When "Inference" is selected:
- The screen shows “Waiting for photo...”
- Pressing the enter button (left) triggers a CAPTURE message over serial to the PC
- The PC-side Python script captures the image and returns a class prediction in the format: RESULT:ban_4
Once received, the screen displays:
- The recognized Chinese character (using a bitmap)
- A green LED lights up (success)
- After 5 seconds, the system auto-returns to photo mode
The down button (right) can be pressed at any time to exit back to the main menu.
Learn Mode



When “Learn” is selected:
- You’ll see a list of Pinyin entries (e.g. ban, ren, yi, etc.)
- Use up (middle) and down (right) buttons to scroll
- Press enter (left) to view the selected character
Each character view displays:
- A large bitmap version of the Mandarin symbol
- Its Pinyin pronunciation and English meaning
- An instruction to press enter to go back to the list
At the bottom of the list is the Go back option to return to the main menu.
About Screen

Displays simple credits and version information:
- Creator name
- GitHub open-source notice
- YouTube call to action
Press enter (left) to return to the main menu.
Visual Feedback and Schematics


Two onboard LEDs provide real-time status:
- Red LED ON: The system is in inference mode and ready to capture a photo.
- Green LED ON: A result was received and displayed successfully.
- Both OFF: Idle mode or main menu/learning screen.
If you want to replicate the hardware setup, refer to the schematics above. All buttons use INPUT_PULLUP logic and are active LOW.
And here is the materials list:
- 1 x Breadboard
- 1 x Arduino Nano
- 1 x ST7789 IPS display (8 pins)
- 1 x Red LED (5mm)
- 1 x Green LED (5mm)
- 2 x 220Ω resistors
- 3 x push buttons
- Male-to-male jumpers wires
Just assemble everything on a breadboard, connect the components according to the diagram, upload the sketch to Arduino, and you're good to go.

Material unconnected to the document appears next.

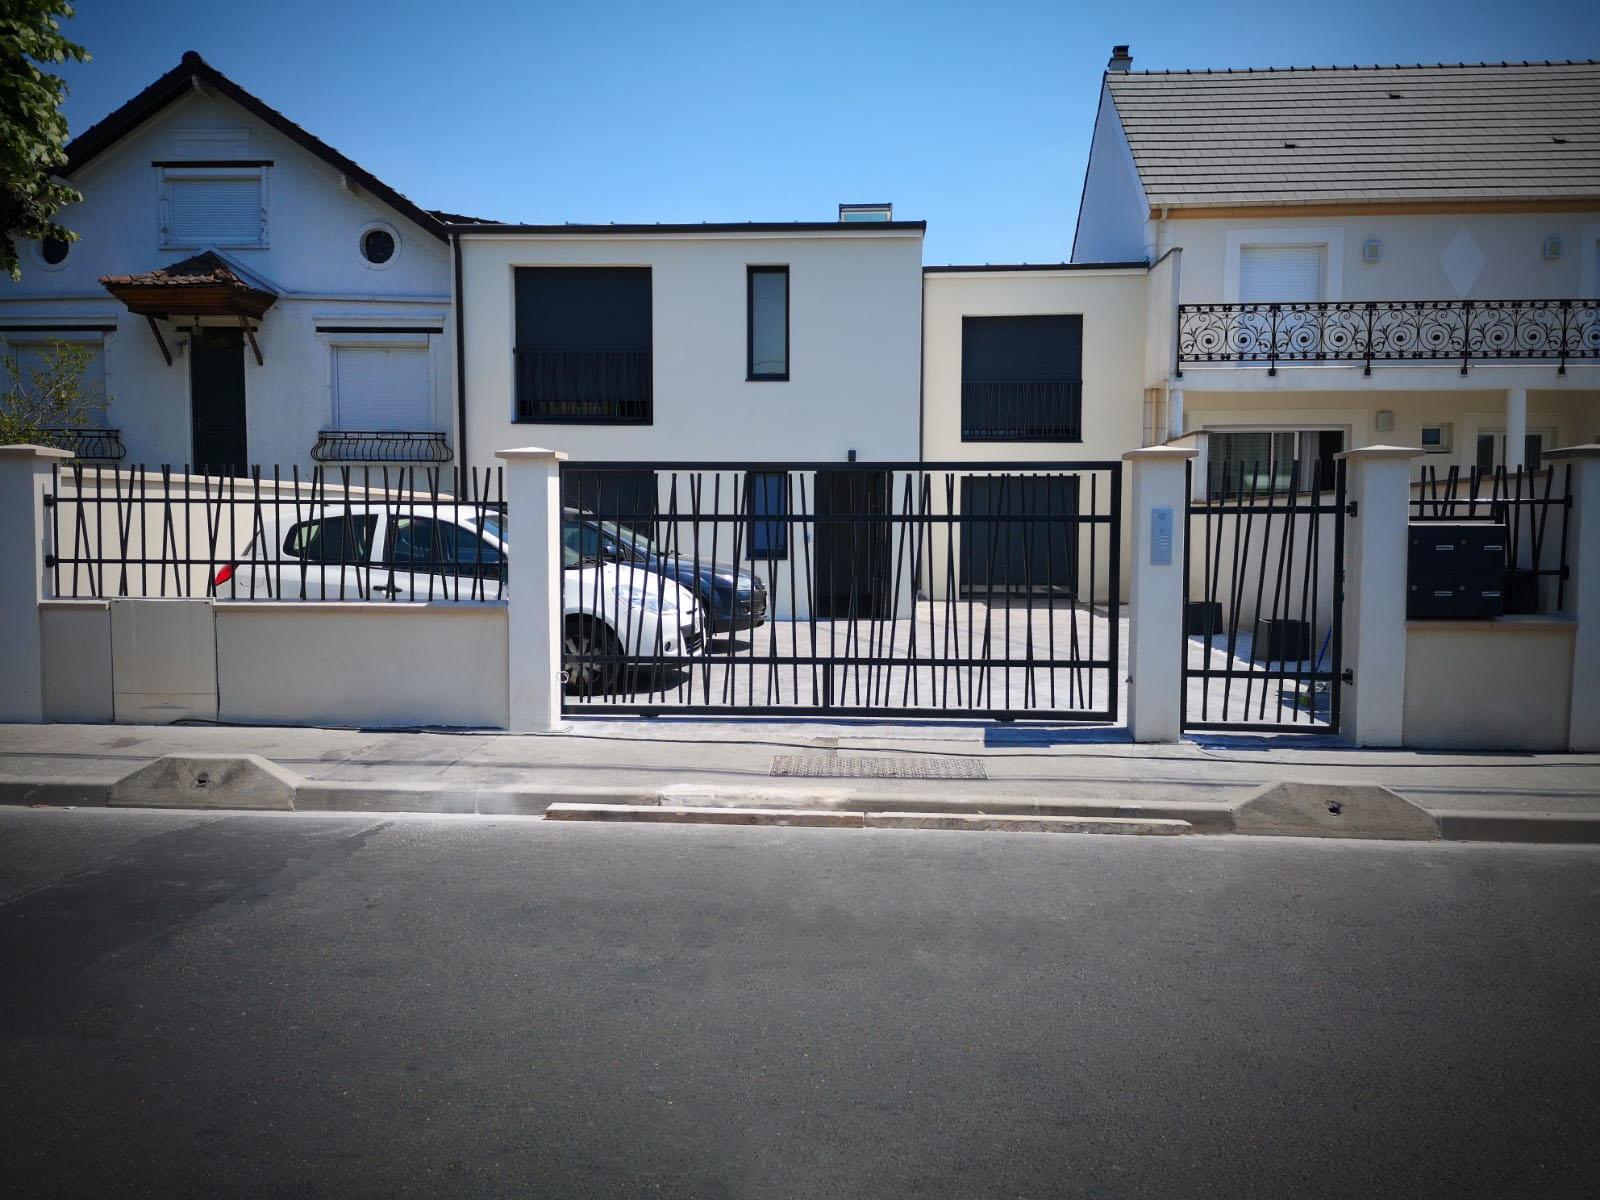 Réalisation de garde-corps, portail, portillon, porte d'entrée et fenêtres.

This user interface gives the AI project a full offline interactive experience. You can teach yourself Chinese characters or let the AI recognize them live, all with just a few clicks.
What I Learned
This was the first time I built an end-to-end AI project, from collecting data to building a real-world interface. And it was one of the most satisfying accomplishments I’ve ever done.
I learned:
- How to create a dataset from scratch
- How to train and evaluate a deep learning model locally
- How to connect AI with physical computing through Arduino
But beyond the technical skills, this project helped me reflect on what Artificial Intelligence is really for.

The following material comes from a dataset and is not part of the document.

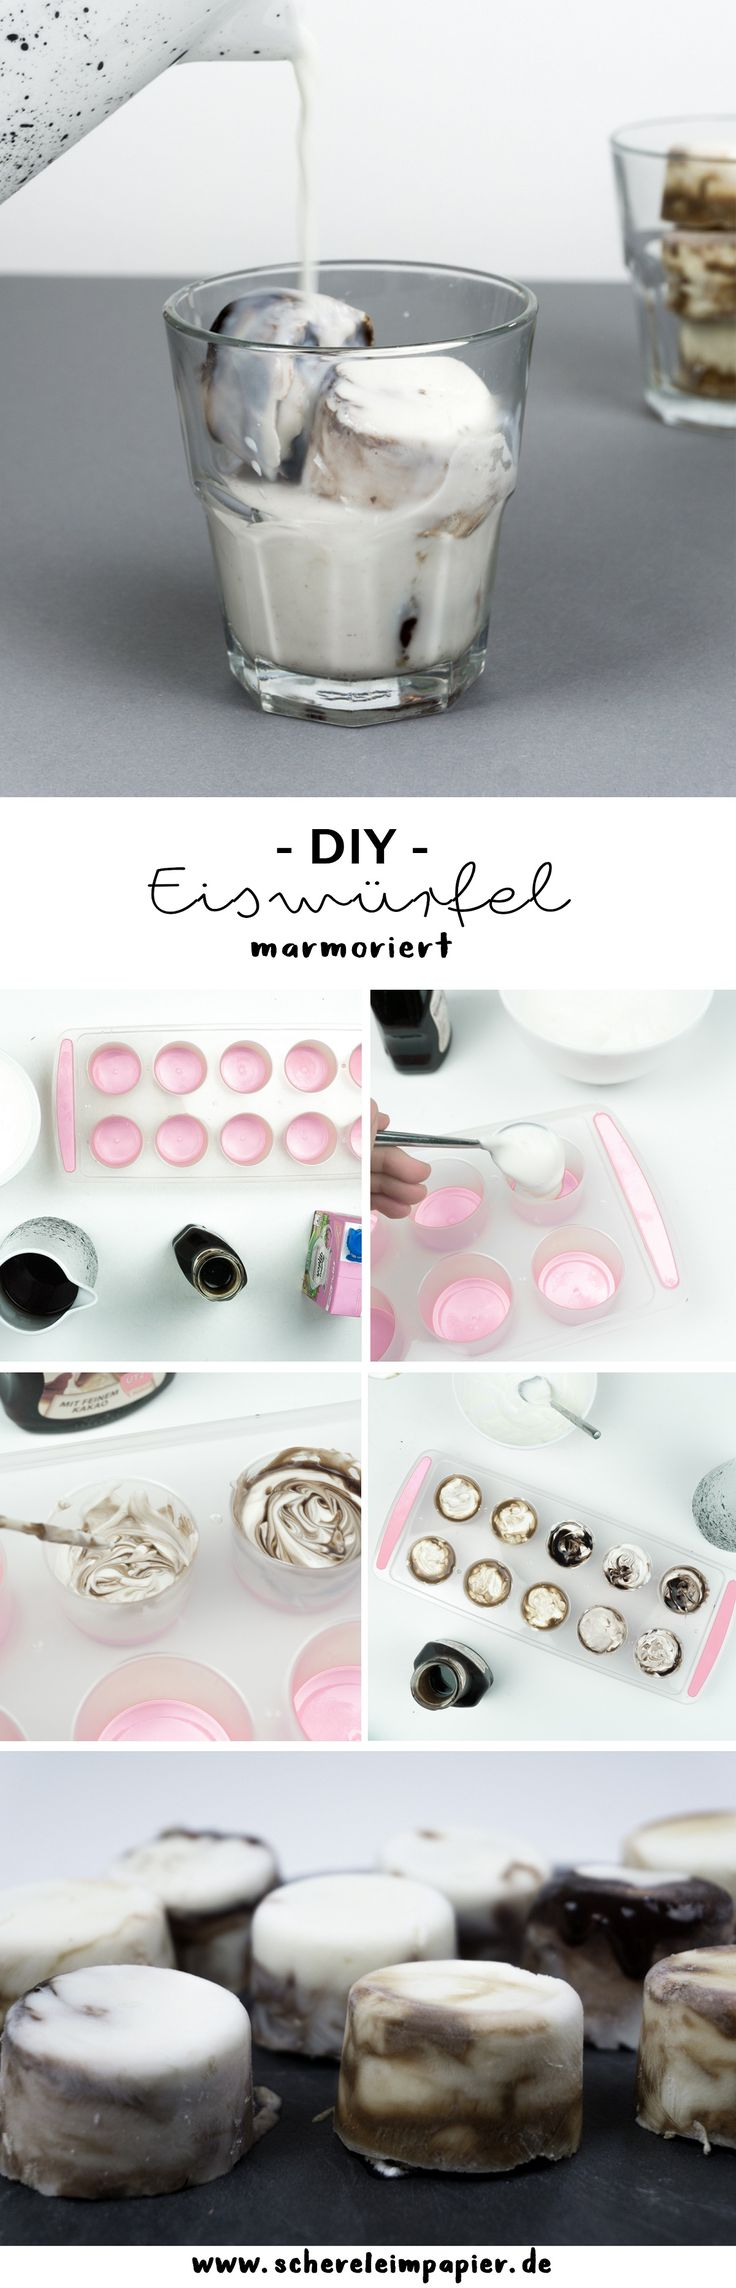 """Lecker und Schön: DIY marmorierte Eiswürfel selber machen - In meinem Rezept zeige ich euch, wie ihr diese Idee selber macht: Mit den Würfeln verwandelt ihr Milch in einen leckeren Eis Kaffee oder Kakao! Perfekt für den Sommer! Unter """"Mehr"""" erfährst du, wie es funktioniert! [schereleimpapier]"""

In a time when AI is rapidly changing the world by automating jobs and reshaping industries, we need to ask ourselves:
Who is this technology being built for? And most importantly, how do we make sure it benefits everyone?

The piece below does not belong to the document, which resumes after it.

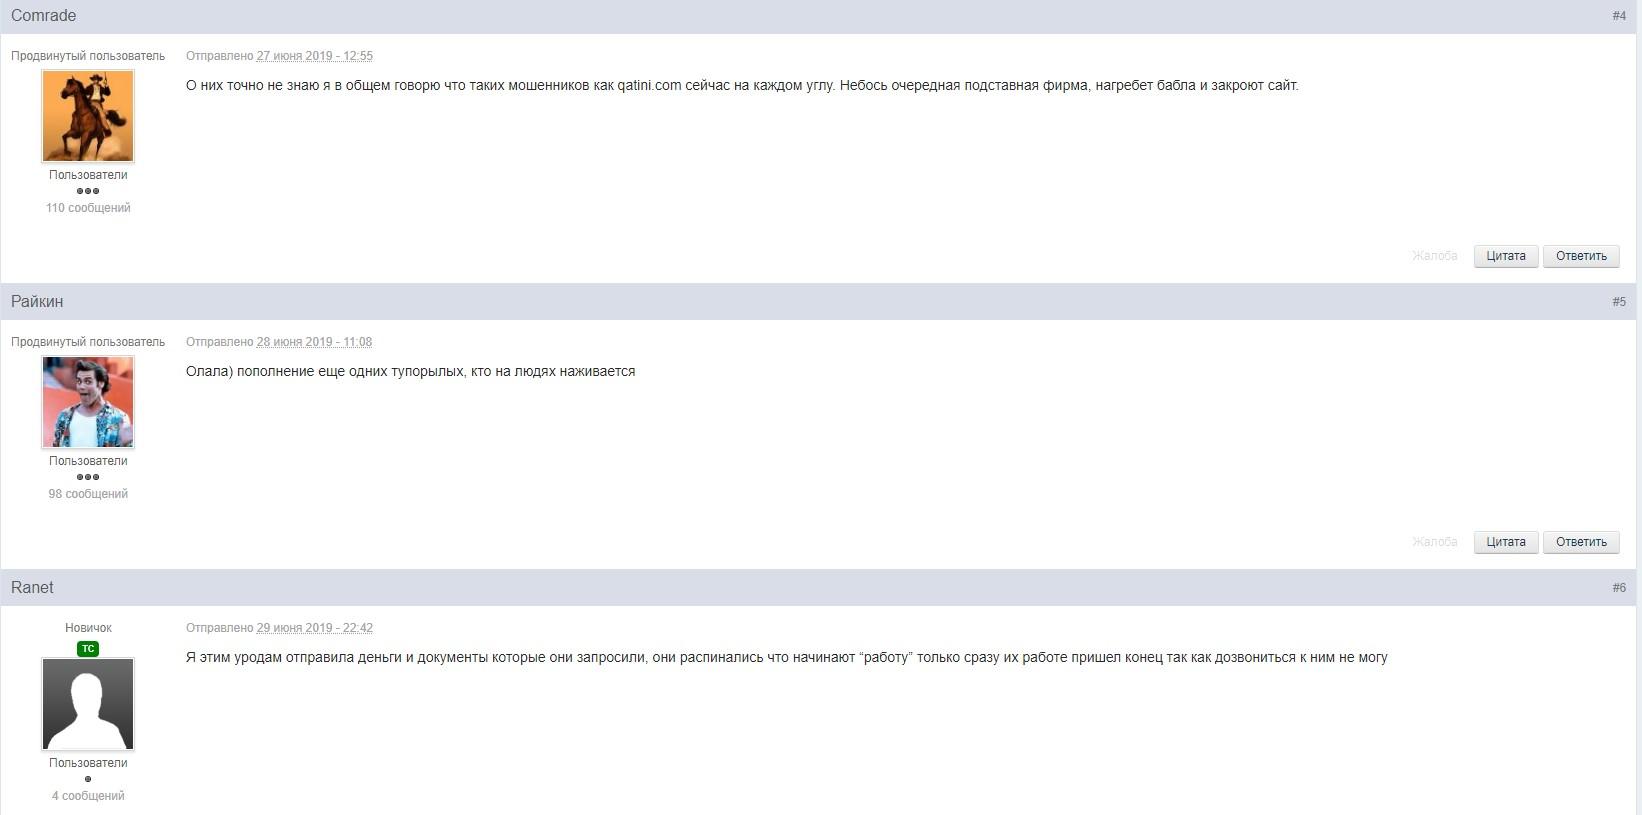 qatini.com отзывы на сайте forum-eu.com

Learning about Machine Learning and creating AI tools are only meaningful if we use that knowledge to make the world better. Because if we build a future where AI concentrates power and wealth in the hands of a few - while everyone else struggles - then what was all this progress for?
If we’re not careful, AI might create a world where power is concentrated and inequality gets worse. However, if we do it right, it can empower people and solve humanity's greatest challenges.
That’s why projects like this matter. They show that AI doesn’t have to be some mysterious force on the hands of big corporations. It can be a great tool in the hands of makers, students, and dreamers of a better world.